Content type: Essay
Credits: Alison Carter (Alumna, BA in English Language and Culture with a Minor in Digital Humanities, Leiden University, 2019)
Year: 2019

In this text, Alison Carter zooms into two seemingly inconsequential pieces of space junk—golf balls. Using material analysis and historical transcripts, Carter questions the efficacy of leaving items on the Moon and how this act reflects our species' attitudes to litter on earth.

‘These are both a testimony to the human species’ desire to play and its propensity to litter.’
Alison Carter

Since 1971, two golf balls have sat abandoned and undisturbed on the Moon. They are a testimony to the human species’ propensity to play— but also to litter. During the Apollo 14 Moon mission (31 Jan–9 Feb 1971), astronaut Alan Shepard secretly took them with him along with a research instrument that could be adapted into a six-iron golf club with the intention of creating a playful televised stunt—‘a little sand-trap shot’ that would neatly illustrate weightlessness for the folks back home.

NASA did not sanction his actions. Shepard effectively took a unilateral decision to alter the Moon’s surface by leaving behind a foreign object. Perhaps Shepard never considered that leaving golf balls on the Moon could be termed littering rather than just the inevitable fallout of a scientific experiment. To Shepard, they were, after all, only two little ‘white pellets’, as he referred to them, that were innocuous and ‘familiar to millions of Americans’. What motivated Shepard to play with the purity of the Moon’s environment and risk potential reprimand from NASA? Did he consider the possibility that any golf ball struck on the Moon and travelling substantial distances in low gravity would be unrecoverable?

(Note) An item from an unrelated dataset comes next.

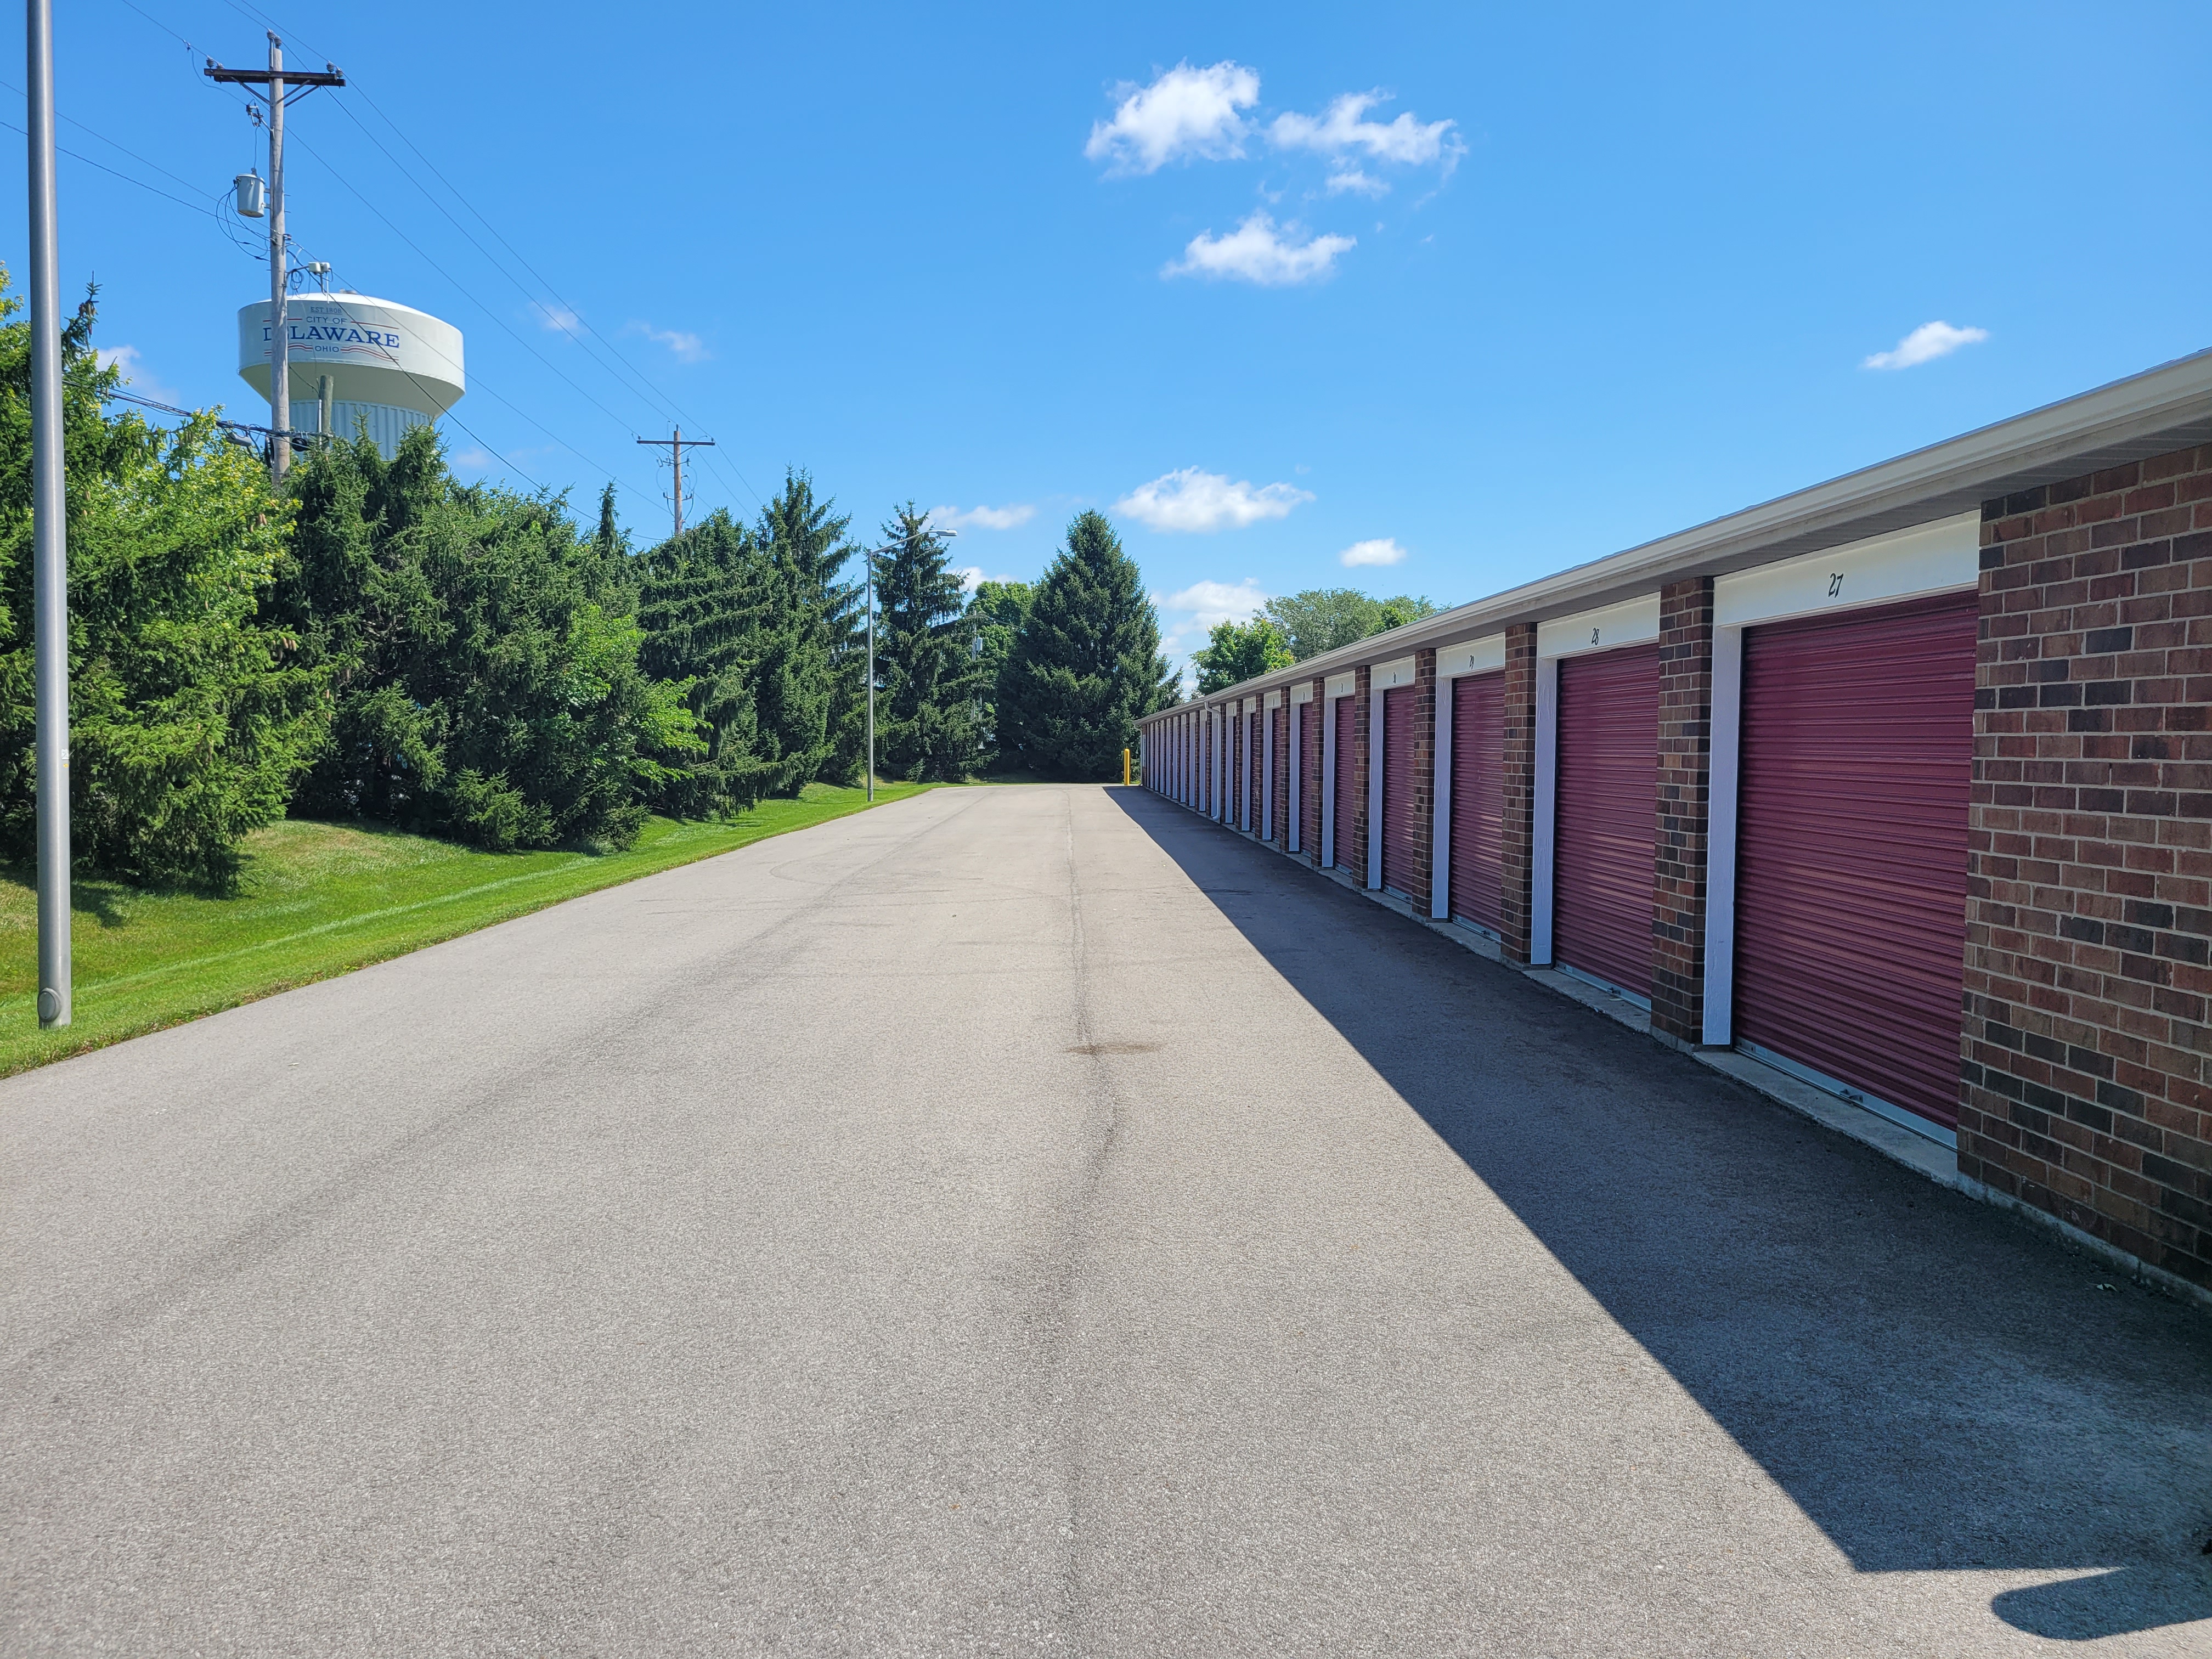 Buckeye Storage - Secure Storage Units in Delaware, OH

A new far-flung golfing destination for future wealthy space tourists. An act of personal curiosity and play. An aesthetic, poetic, and popular cultural metaphor—a tiny golf ball marooned on the Moon. Despite being one of the most trivial objects abandoned on the Moon, it is also one of the most iconic. It illustrates humanity’s capacity for frivolity and plays in the face of a sublime and immense Universe. Looking up at a full moon, with its pitted and pale white surface, the Moon even seems to resemble a dimpled golf ball that has been struck and landed a short distance from Earth.

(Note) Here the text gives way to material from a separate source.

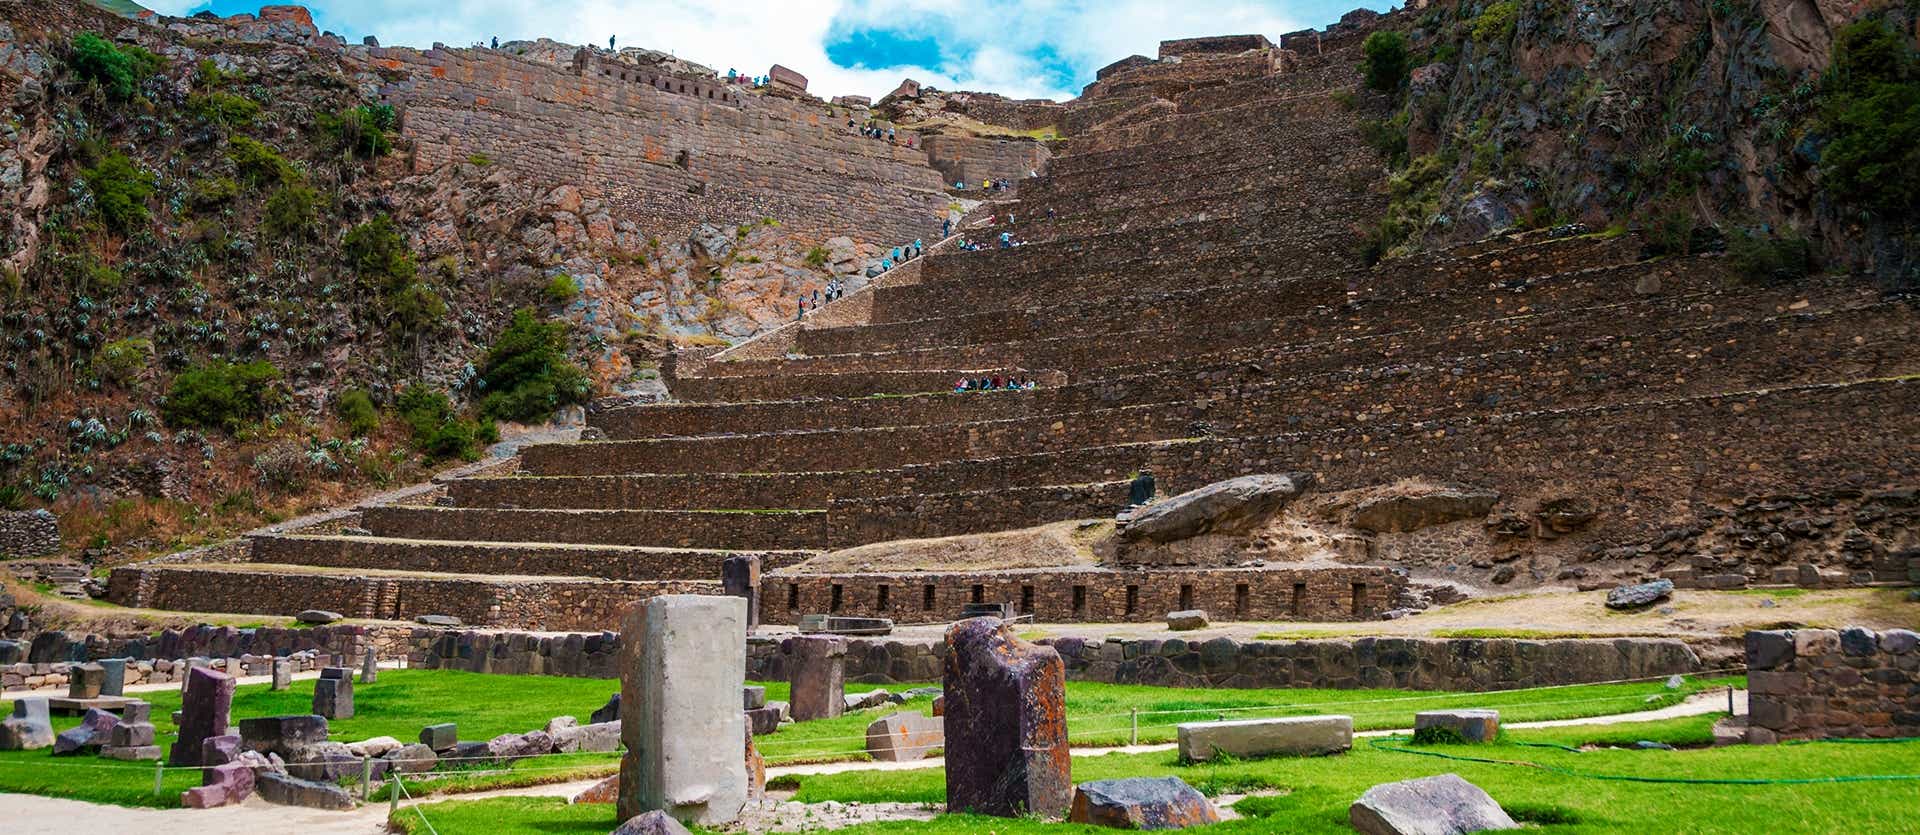  Ancient Inca Ruins Of Ollantaytambo <span class="iconos separador"></span> Peru

Golf balls are inessential to immediate human survival

Golf balls are inessential to immediate human survival. Nevertheless, they have a long history of consuming time and material resources in their design. According to Golf Ball History, the first golf balls from the fourteenth century were wooden, and thereafter various natural materials like leather, cows’ hair, and chicken and goose feathers were used. In the twentieth century, rubber and caustic liquid cores were used until it was realised they led to eye injuries if balls were tampered with. In the 1960s, synthetic materials replaced earlier natural materials. Contemporary designs include varying diameters and depths of the dimples, ball weights and materials used to increase aerodynamics; embedding balls with radio transmitters for location purposes; and manufacturing recycled balls or biodegradable balls in response to environmental concerns.

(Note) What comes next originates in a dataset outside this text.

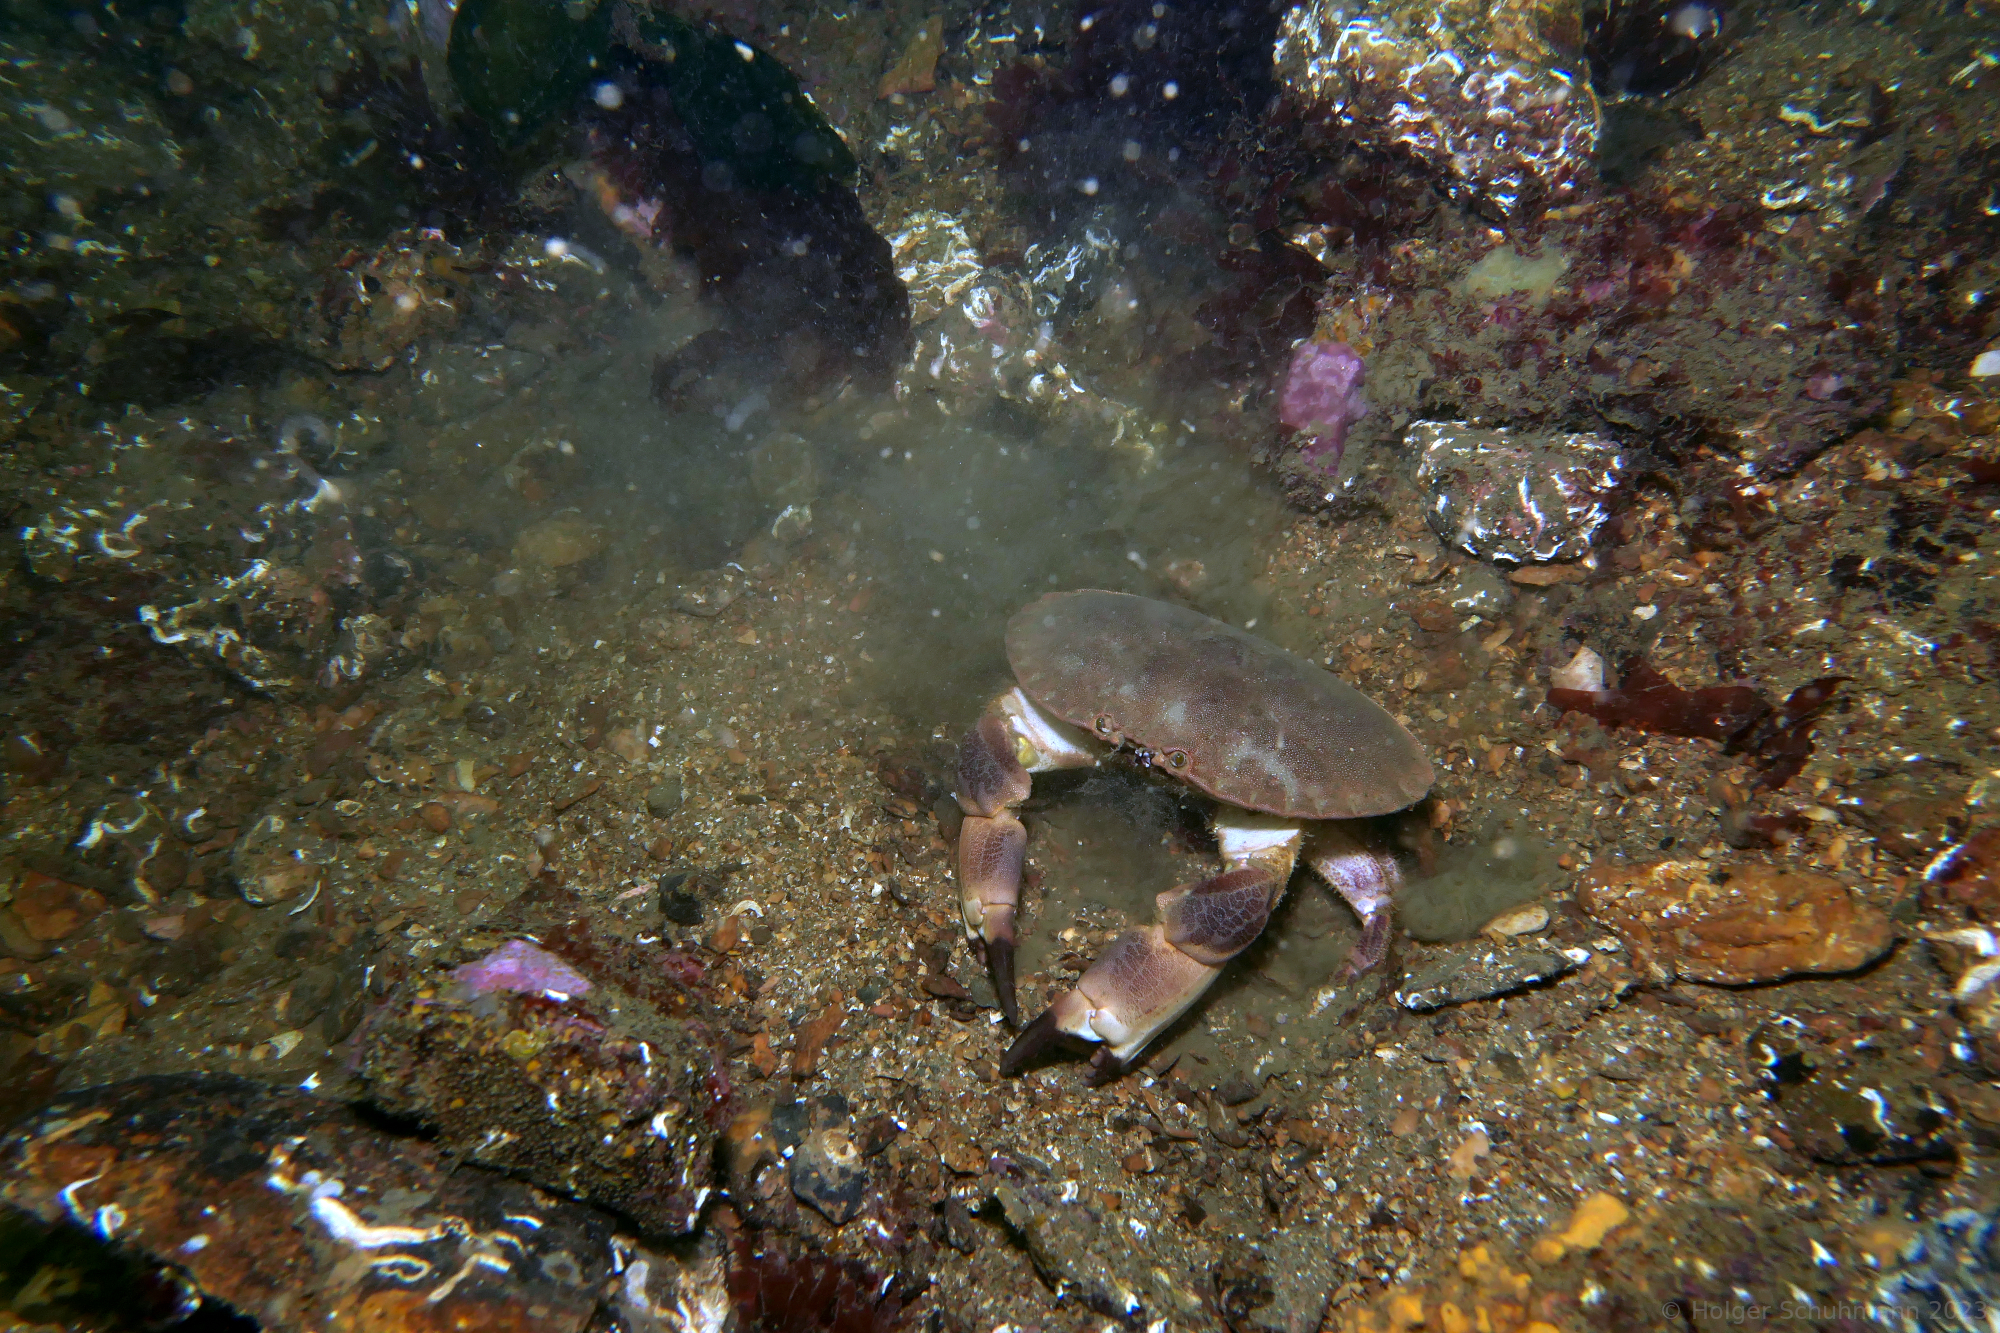 Edible crab kicking up the silt

Image from the project EEN BALLETJE SLAAN [HIT A BALL] by Nienke Temmink
Image from the project EEN BALLETJE SLAAN [HIT A BALL] by Nienke Temmink

The locations of the Moon golf balls are known and could, in theory, be recovered. NASA’s Apollo 14 Image Library and photographic archive shows they are located near the USA flag. If the balls were ever brought back to Earth, one could imagine their second life would be as a museum exhibit on US heritage or in the private collection of a wealthy golfer. But if the golf balls remain on the moon, what will their life hold? Will they decay? And, what kind of problems might they cause?

On Earth, there are already environmental problems associated with lost and discarded golf balls. It is common for a golfer to lose a handful of balls during a game, and this seemingly inconsequential (if frustrating for the golfer) problem scales up. There is a rapidly growing problem of contaminating rivers and oceans because of debris from degraded golf balls. These golf balls leach zinc, microplastics and other chemicals into their surroundings. In ON PAR; The Burden and Boon of Lost Golf Balls, journalist Bill Pennington explains:

‘No one knows for sure how many golf balls are lost each year worldwide, though the total in the United States is estimated at 300 million. Hundreds of thousands of golf balls are lost or abandoned every day in lakes, ponds, forests, wetlands, deserts, backyards, gardens, parking lots, cemeteries, on rooftops and at the bottom of woodchuck holes.’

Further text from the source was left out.